There are several responses you can use by default, one of them is the Ok response.

1xx, 2xx, 3xx status codes

These are simple Response objects.

Example

<?php
# ...
$app->get('/', function (Request $request) {
    return new Response\Ok('Hello World!');
});
# ...

Types

Responses
Accepted
Created
NoContent
NotModified
Ok

4xx, 5xx status codes

These are Exceptions.

Example

<?php
# ...
$app->get('/', function (Request $request) {
    # ...
    
    throw new \Phprest\Exception\BadRequest();
    
    # ...
});
# ...

Types

Exceptions
BadRequest
Conflict
Forbidden
Gone
InternalServerError
MethodNotAllowed
NotAcceptable
NotFound
TooManyRequests
PreconditionFailed
TooManyRequests
Unauthorized
UnprocessableEntity
UnsupportedMediaType

Dependency Injection Container

See Proton’s doc and for more information please visit League/Container.

CLI

You can use a helper script if you want after a composer install (vendor/bin/phprest).

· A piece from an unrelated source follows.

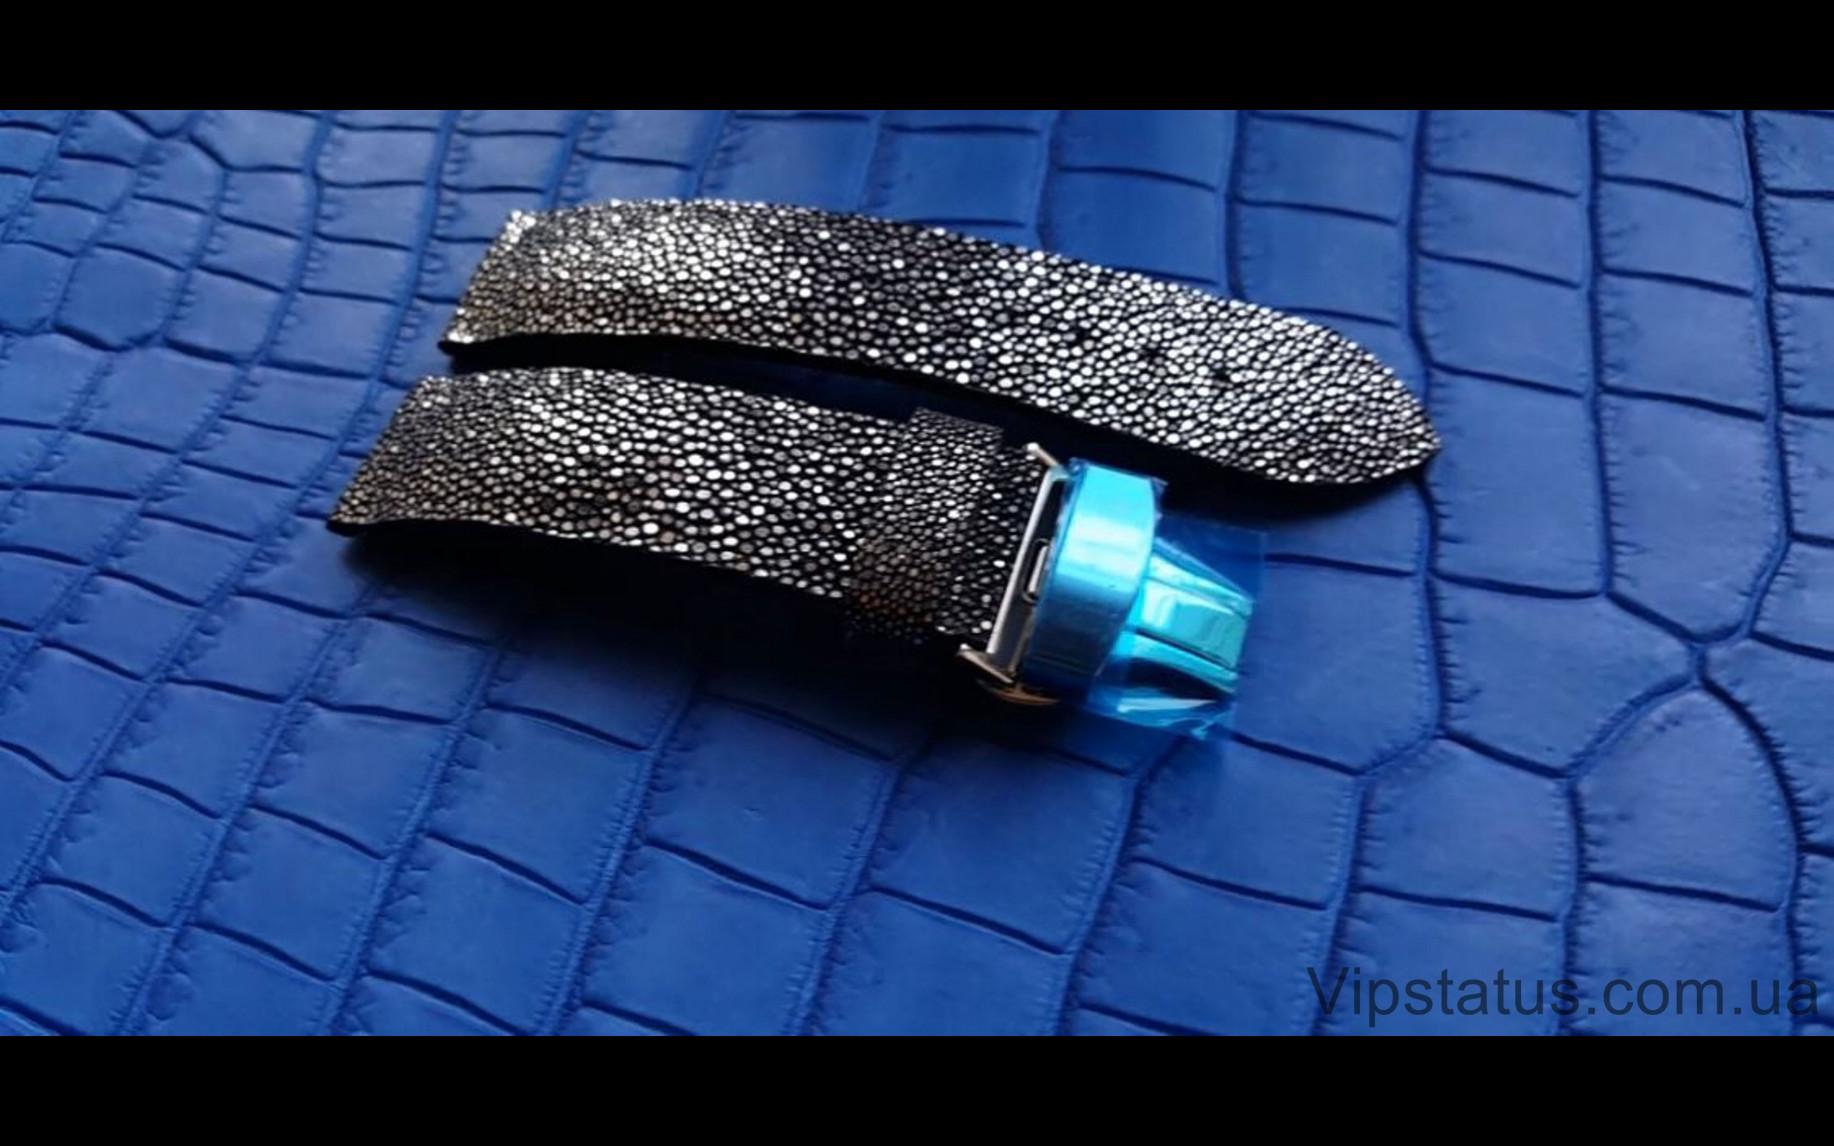 Элитный Лакшери ремешок для часов Silver Metallic кожа ската Эксклюзивный ремешок для часов Silver Metallic из кожи ската  изображение 4

You have to provide the (bootstrapped) app instance for the script. You have two options for this:

  • Put your app instance to a specific file: app/app.php
  • You have to return with the bootstrapped app instance in the proper file
  • Put the path of the app instance in the paths.php file
  • You have to return with an array from the paths.php file with the app file path under the app array key

Error handler

Phprest handles error with League\BooBoo. The default formatter is Json and Xml Formatter.

On a single exception

<?php
# ...
$app->get('/{version:\d\.\d}/', function (Request $request, $version) {
    throw new \Phprest\Exception\Exception('Code Red!', 9, 503);
});
# ...

The response is content negotiationed (xml/json), the status code is 503.

{
    "code": 9,
    "message": "Code Red!",
    "details": []
}
<result>
    <code>9</code>
    <message>
        <![CDATA[Code Red!]]>
    </message>
</result>

Authentication

Basic Authentication

You’ll need this package:

$app->registerMiddleware('Dflydev\Stack\BasicAuthentication', [
    [
        'firewall' => [
	    ['path' => '/', 'anonymous' => false],
            ['path' => '/temperatures', 'method' => 'GET', 'anonymous' => true]
	],
	'authenticator' => function ($username, $password) {
            if ('admin' === $username && 'admin' === $password) {
                # Basic YWRtaW46YWRtaW4=
                return 'success';
            }
        },
	'realm' => 'The Glowing Territories'
    ]
]);

JWT Authentication

You’ll need this package:

$app->registerMiddleware('Jsor\Stack\JWT', [
    [
        'firewall' => [
	    ['path' => '/',         'anonymous' => false],
	    ['path' => '/tokens',   'anonymous' => true]
	],
	'key_provider' => function() {
	    return 'secret-key';
	},
	'realm' => 'The Glowing Territories'
    ]
]);

API testing

There are a couple of great tools out there for testing your API.

  • Postman and Newman
  • Tip: Create collections in Postman and then run these in Newman
  • Frisby
  • Frisby is a REST API testing framework built on node.js and Jasmine that makes testing API endpoints easy, fast, and fun.
  • Runscope
  • For Api Monitoring and Testing

API documentation

Just a few recommendations:

  • API Blueprint
    • API Blueprint is a documentation-oriented API description language. A couple of semantic assumptions over the plain Markdown.
  • Swagger
    • With a Swagger-enabled API, you get interactive documentation, client SDK generation and discoverability.